Indiana axes welfare contract with IBM, By Mary Beth Schneider and Bill Ruthhart, October 16, 2009, Indianapolis Star: “Calling it an endeavor that ‘just did not work,’ Gov. Mitch Daniels on Thursday canceled Indiana’s 10-year, $1.34 billion contract with IBM to deliver welfare services. In its place, Indiana will develop a hybrid structure that keeps some elements of the modernized welfare system, Daniels said, while restoring the best of the past system: personal contact. The decision marked a major setback for the governor, who has championed efforts to privatize some areas of state government, and a rare admission that — this time — his critics were right. As he announced his decision, Daniels thanked those who had raised concerns that the system resulted in too many errors and too many people waiting too long for help they desperately needed. ‘In many respects, they were right,’ he said. ‘The system wasn’t working, and it wasn’t getting better, despite best efforts.’ Critics say it was a lesson that could have been learned long before Thursday’s announcement. Texas, for instance, pulled the plug in 2007 on a similar welfare privatization effort after thousands of people lost benefits they deserved. Critics here had argued that Texas had tried to do too much too fast, and said a slower rollout in Indiana would ease in the new system. The state’s rollout, though, was never completed…”
Unemployment at 33-year high; insurance fund running dry, By Kay Lazar and Robert Gavin, October 16, 2009, Boston Globe: “Unemployment in Massachusetts has reached its highest level since the 1970s, officials said yesterday as they also disclosed that the state will exhaust a fund that helps laid-off workers pay for health insurance by the end of next month. State officials said they are considering a number of emergency measures, including imposing higher costs on the unemployed and raising fees on employers, to close a gap that could exceed $50 million by April. ‘Every option is on the table,’ Labor and Workforce Development Secretary Suzanne Bump said in an interview after her staff briefed an advisory board of labor and business leaders yesterday. ‘Nothing stays the same.’ The unrelenting rise in unem ployment will also trigger an automatic 40 percent increase in the tax businesses are required to contribute for unemployment benefits. In January, the tax will increase from an average of $594 per employee to $832…”
Report: Lawmakers to cut state budgets even deeper, By Glen Johnson (AP), October 15, 2009, Washington Post: “In Massachusetts, freefalling tax revenue will mean no more dental and hospice care for legal immigrants. Maryland is closing a mental health center. And Illinois has $2.9 billion in unpaid bills. As bad as state budget-cutting was during the past year, a report issued Thursday showed it’s bound to be even worse in the coming months. Despite signs of improvement in the national economy, many states’ finances are still dismal…”

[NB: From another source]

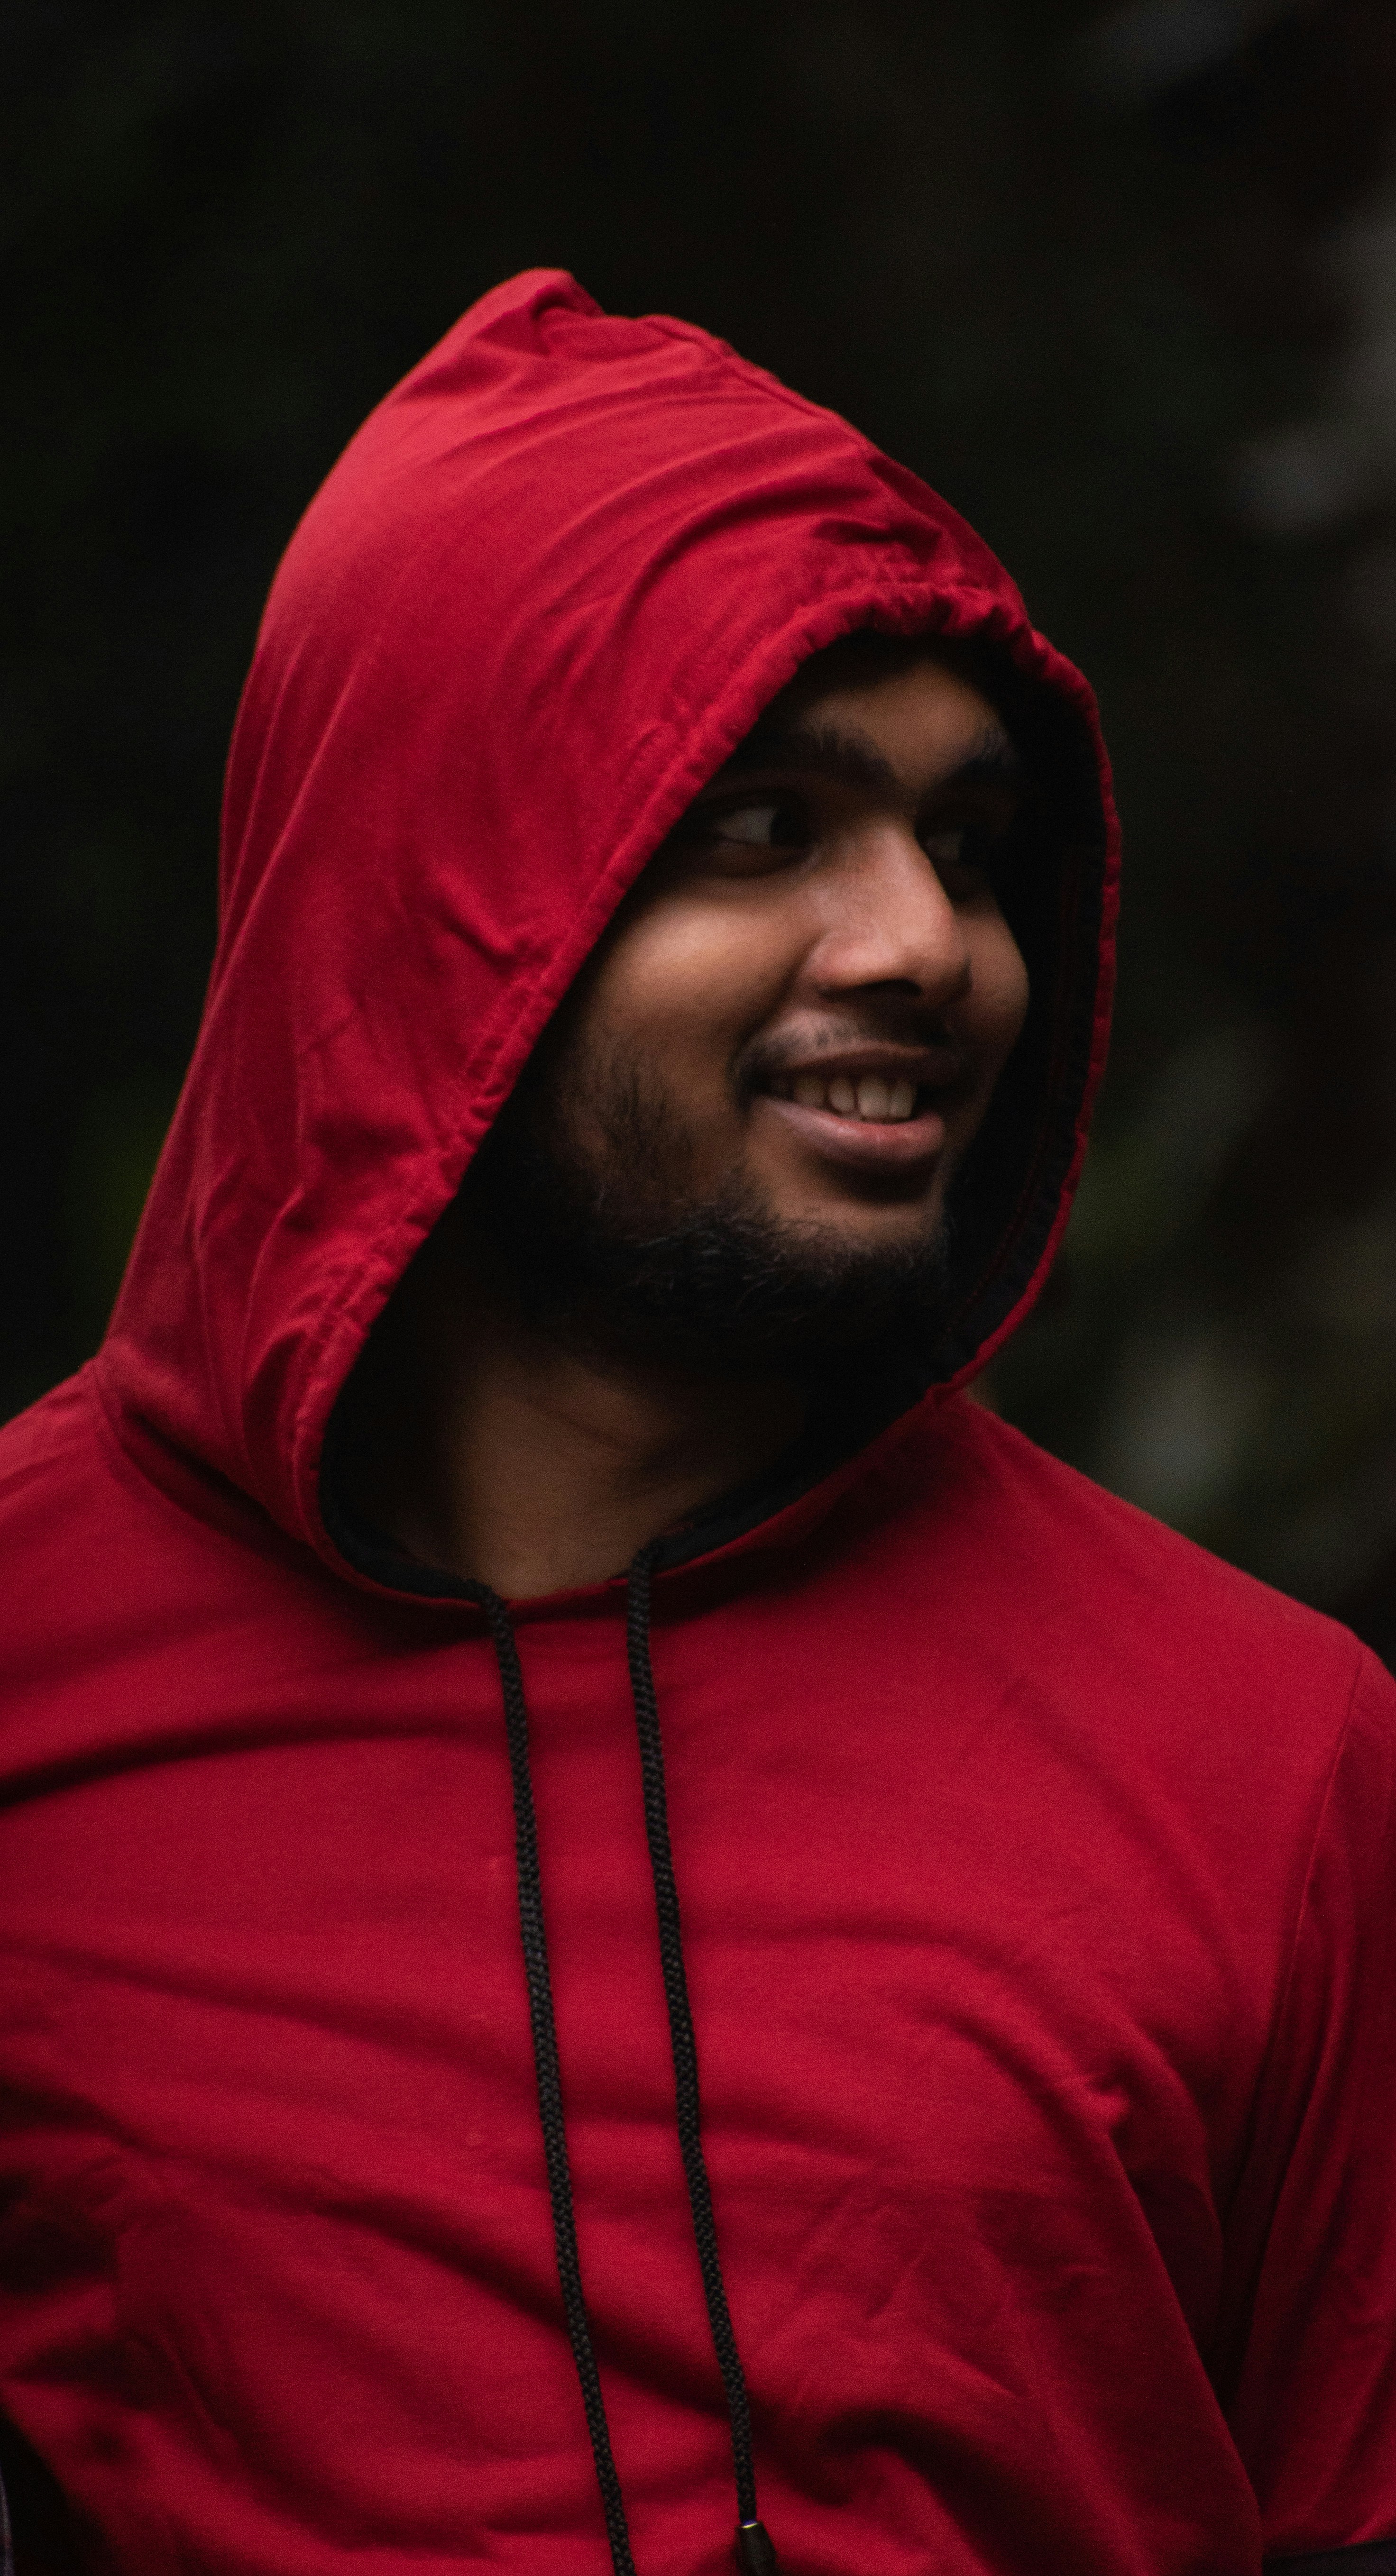 Red hoodie allowed Islam

- No improvement for fourth-graders on national math test, By Amanda Paulson, October 14, 2009, Christian Science Monitor: “For the first time since 1990, America’s fourth-graders showed no improvement in math - a disappointing finding in the latest release from the National Assessment of Educational Progress (NAEP), known as the nation’s report card. In four states, scores for fourth-graders actually declined between 2007 and 2009 - the first time any state has shown a drop since all 50 states began participating in the assessment in 2003. The news is better at the eighth-grade level, where scores did rise by two points since 2007. But achievement gaps between white and minority students stayed the same…”
- Math results show racial achievement gap hasn’t changed, By Tom Weber, October 14, 2009, Minnesota Public Radio: “Fourth and eighth graders in Minnesota continue to rank near the top in the nation in math, according to new national test results. But the new report also exposes a key shortcoming for both Minnesota and the nation — the gap between how well white students perform compared to students of color. According to the National Assessment of Educational Progress, Minnesota fourth-graders ranked third in the nation for math, and the state’s eighth-graders ranked second…”

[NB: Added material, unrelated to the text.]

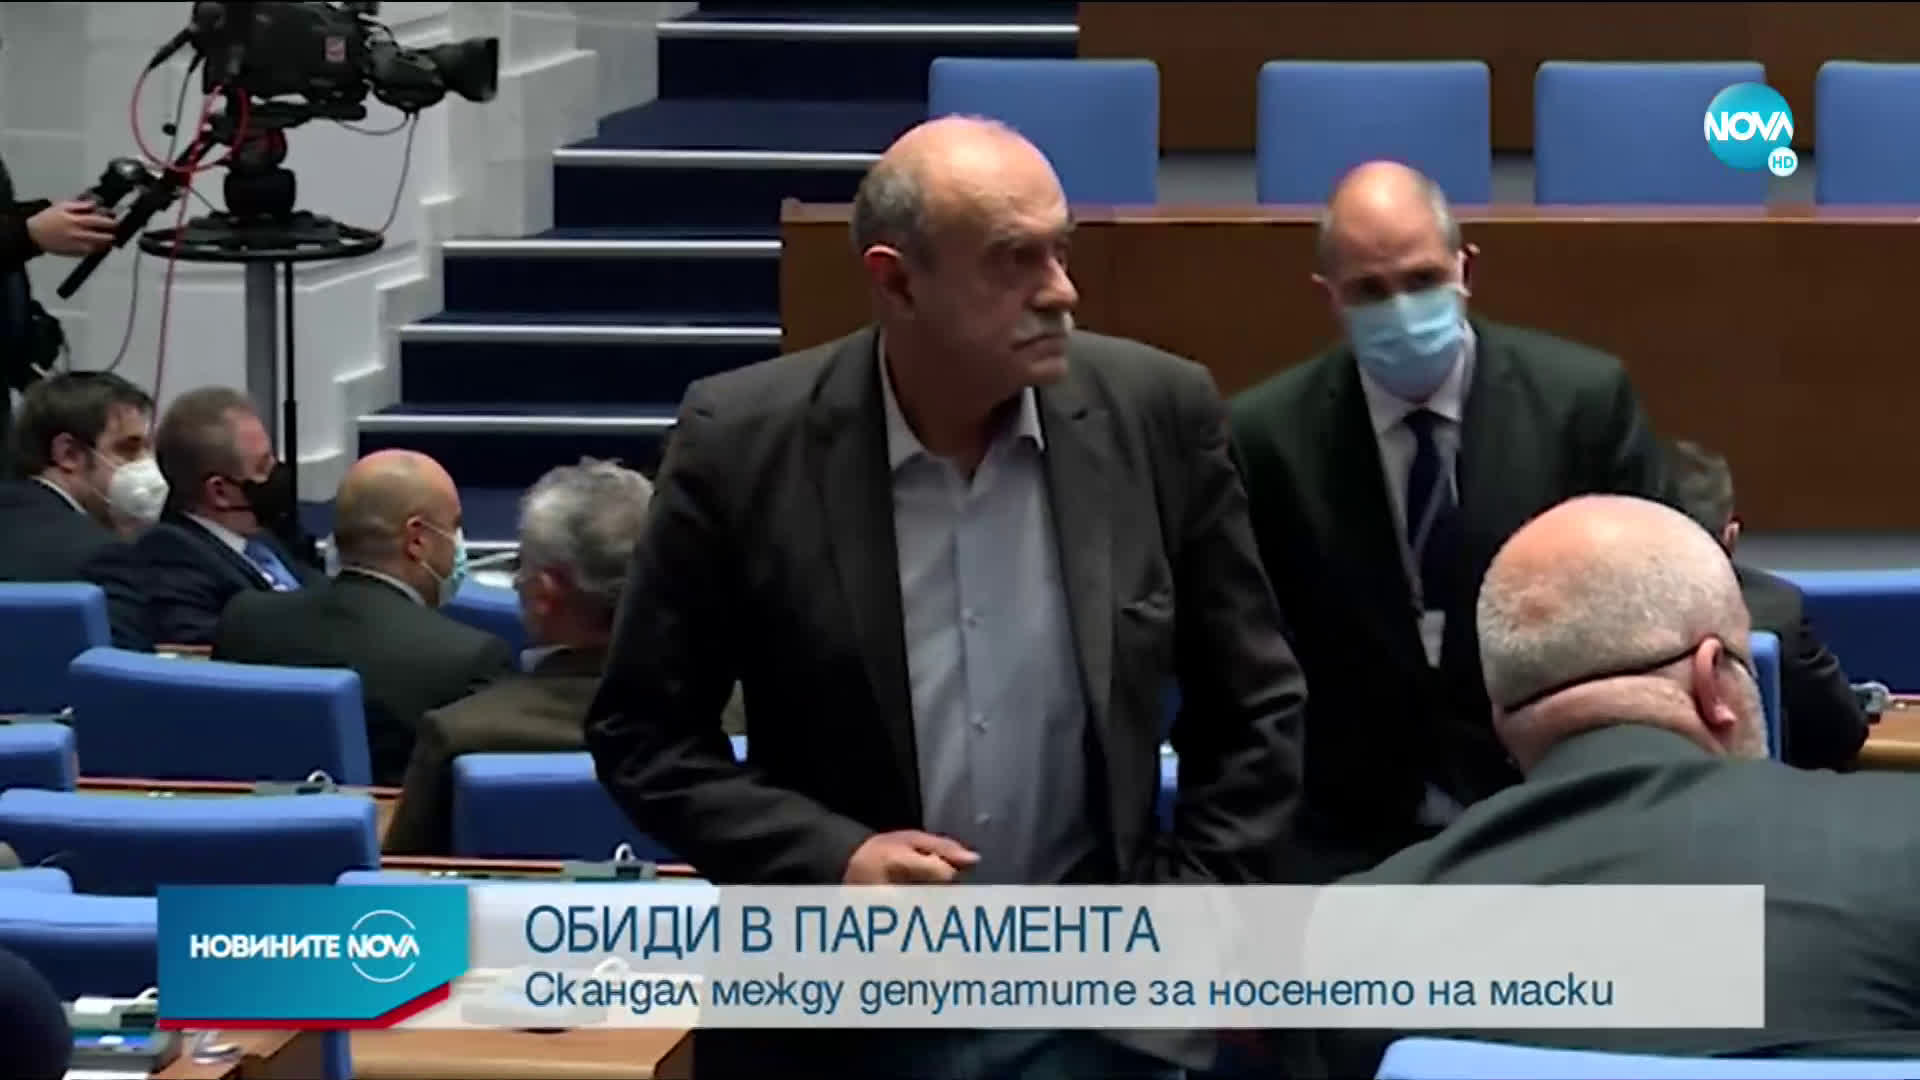 Скандал в Народното събрание заради носенето на маски в пленарната зала

- Global hunger worsening, warns UN, October 14, 2009, BBC News: “Targets to cut the number of hungry people in the world will not be met without greater international effort, UN food agencies have warned. The UN’s annual report on global food security confirms that more than one billion people - a sixth of the world’s population - are undernourished. It says the number of hungry people was growing before the economic crisis, which has made the situation worse. The report comes ahead of World Food Day on Friday…”
- Feeding the world in years to come, By Nancy Greenleese, October 15, 2009, Deutche Welle: “By the year 2050, world population is likely to soar by more than 30 percent mainly in the developing world. There will be more mouths to feed but fewer farmers to grow the crops due to a mass exodus to urban areas. Those farmers are facing a bounty harvest of challenges: climate change, disappearing natural resources, spikes in food and energy prices. Putting foods in bowls, banana leafs or tin cups will therefore require ingenuity and support. As part of that quest, experts gathered in Rome earlier this week to brainstorm ways to feed the world in the next four decades…”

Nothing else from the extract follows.